EXERCISE DIRECTIONS: Repeat the span of the entries below that starts at the line with "9_plan_site-Model" and ends at the line with "Cheshire wedding photography - Colshaw hall", nothing more. Skip the pictures.

SUPPLIED DATA:
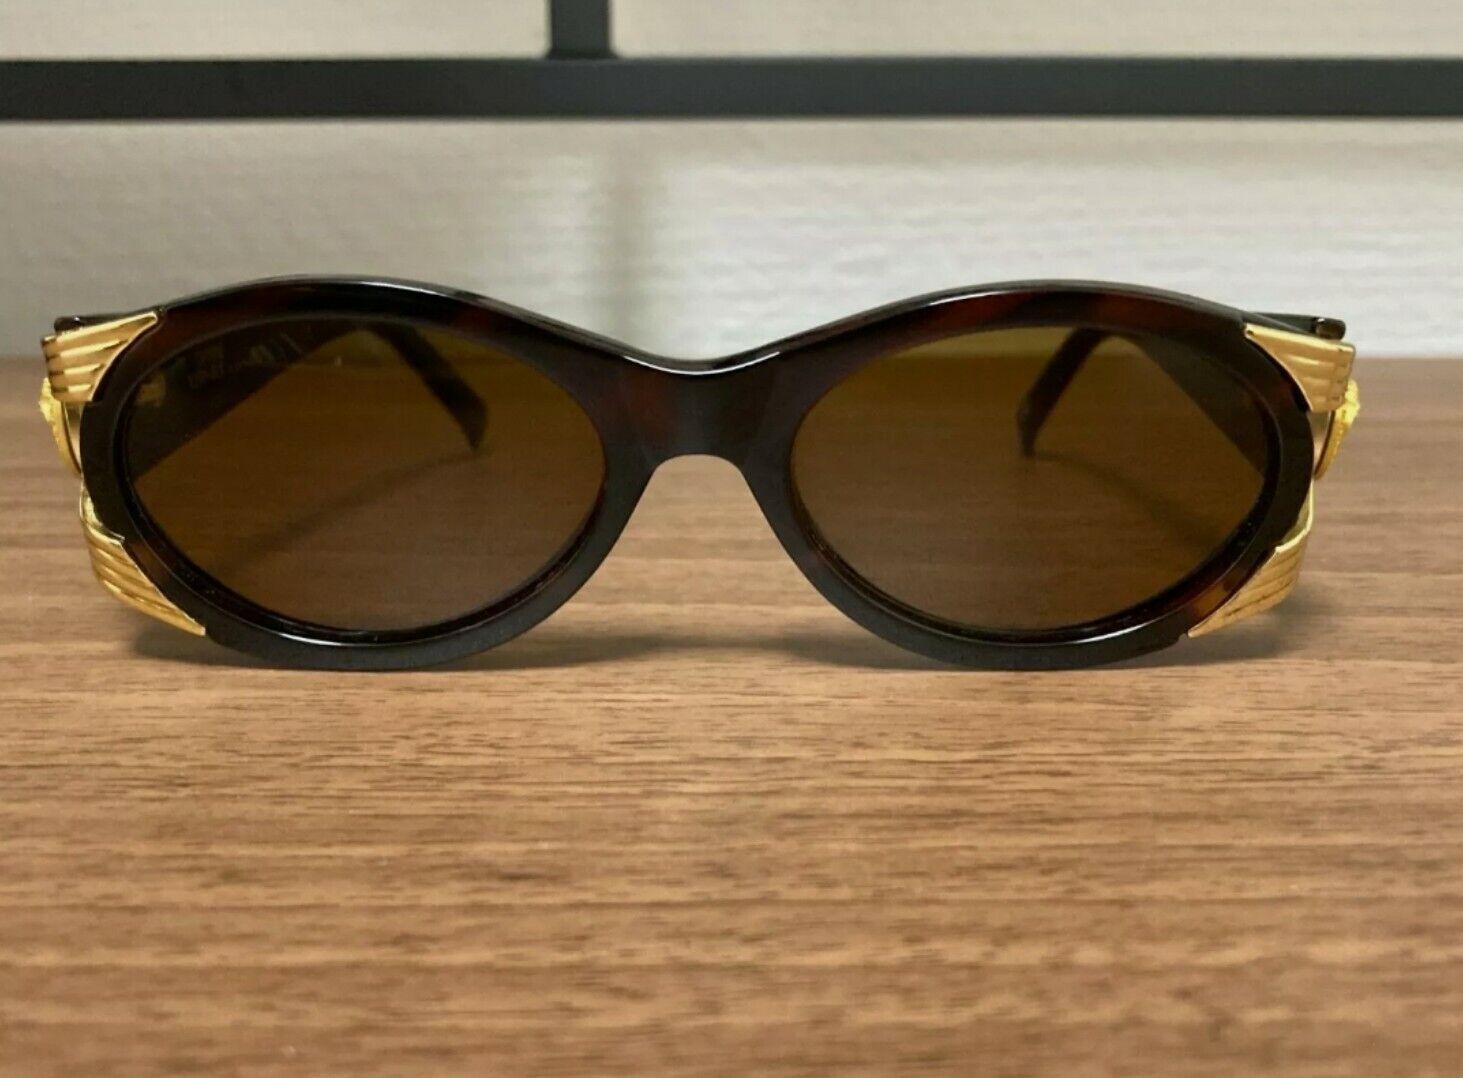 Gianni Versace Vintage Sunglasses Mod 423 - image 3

...

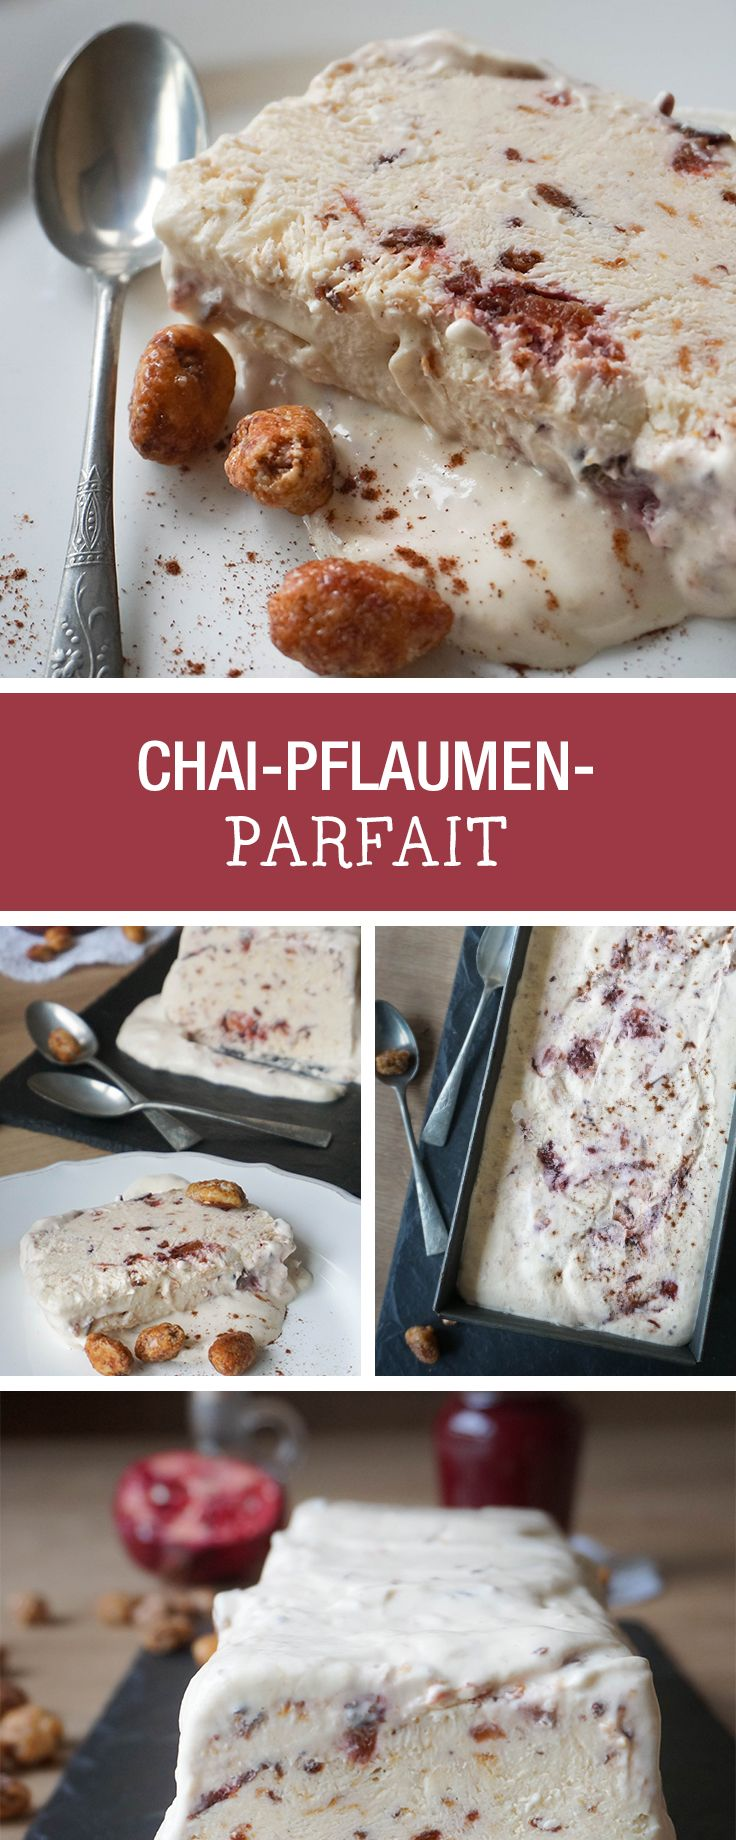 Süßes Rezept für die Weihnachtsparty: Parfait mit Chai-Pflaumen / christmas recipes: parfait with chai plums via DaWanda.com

...

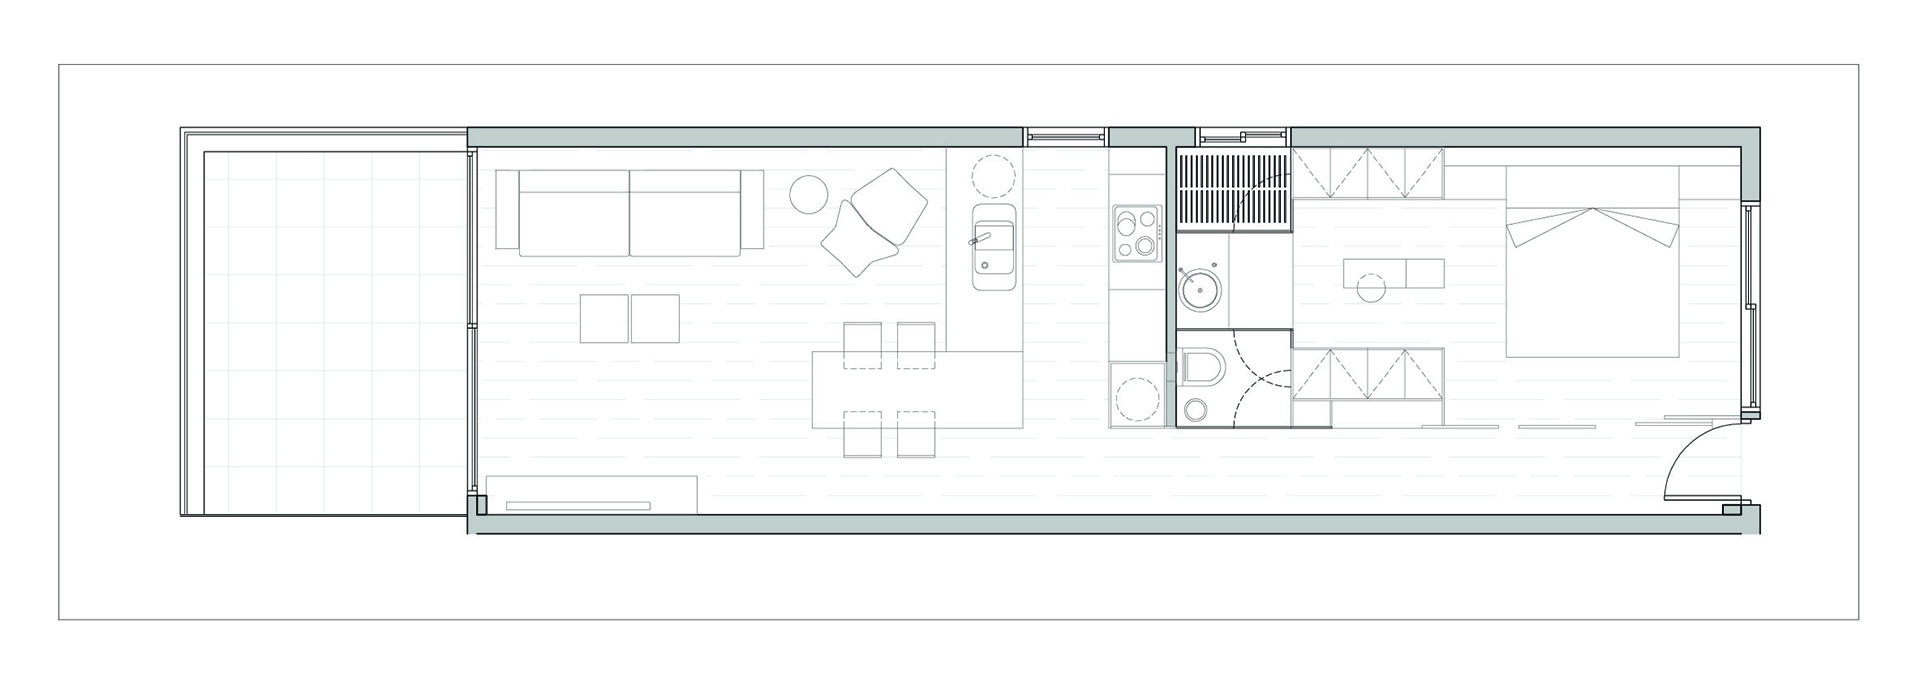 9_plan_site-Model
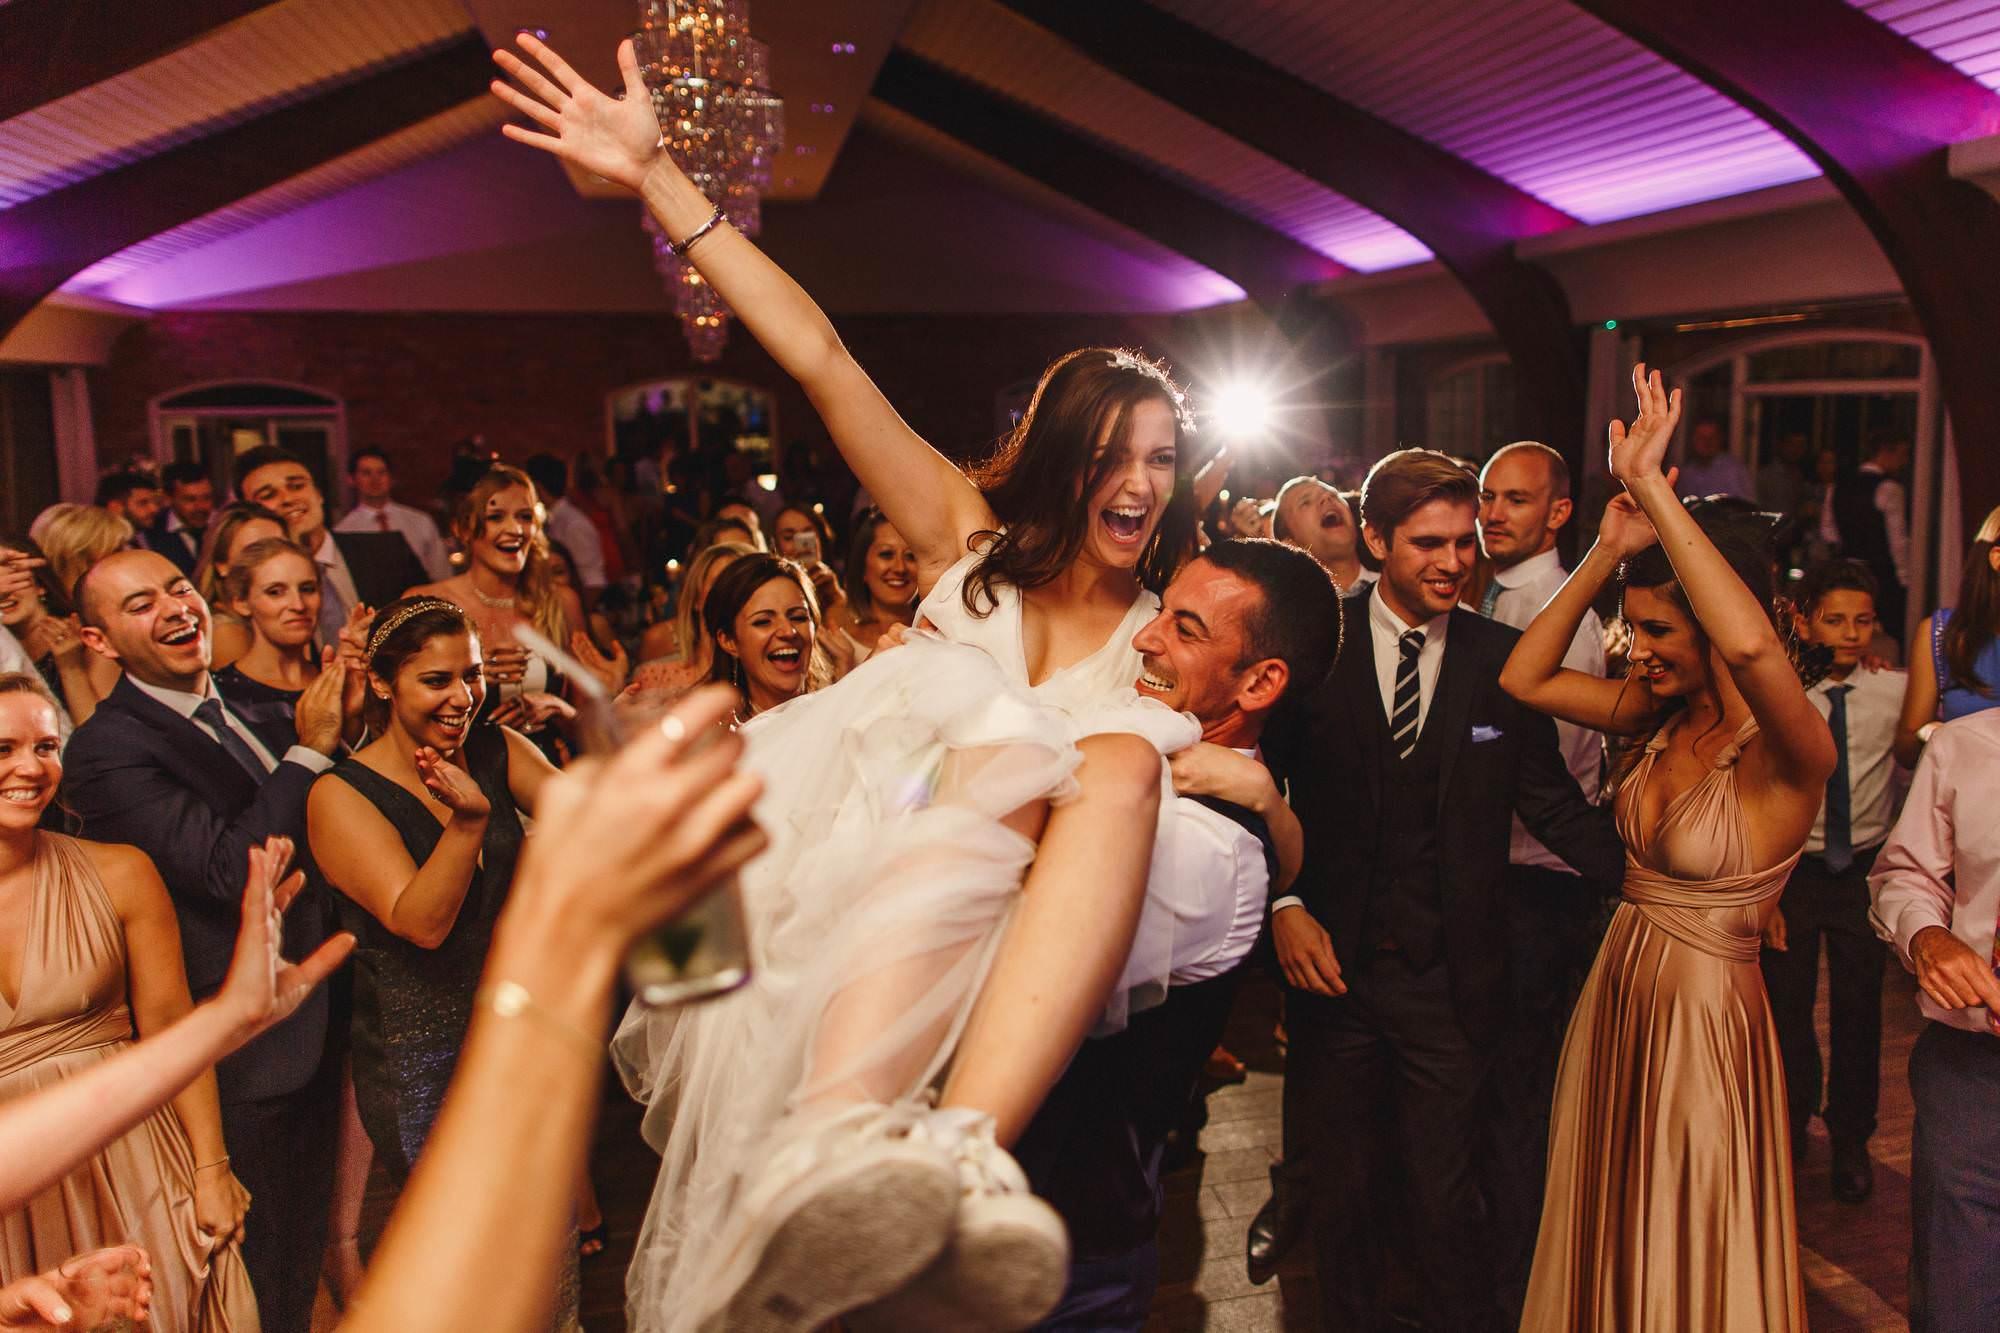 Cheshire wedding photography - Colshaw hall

RESPONSE AREA:
 9_plan_site-Model
 Cheshire wedding photography - Colshaw hall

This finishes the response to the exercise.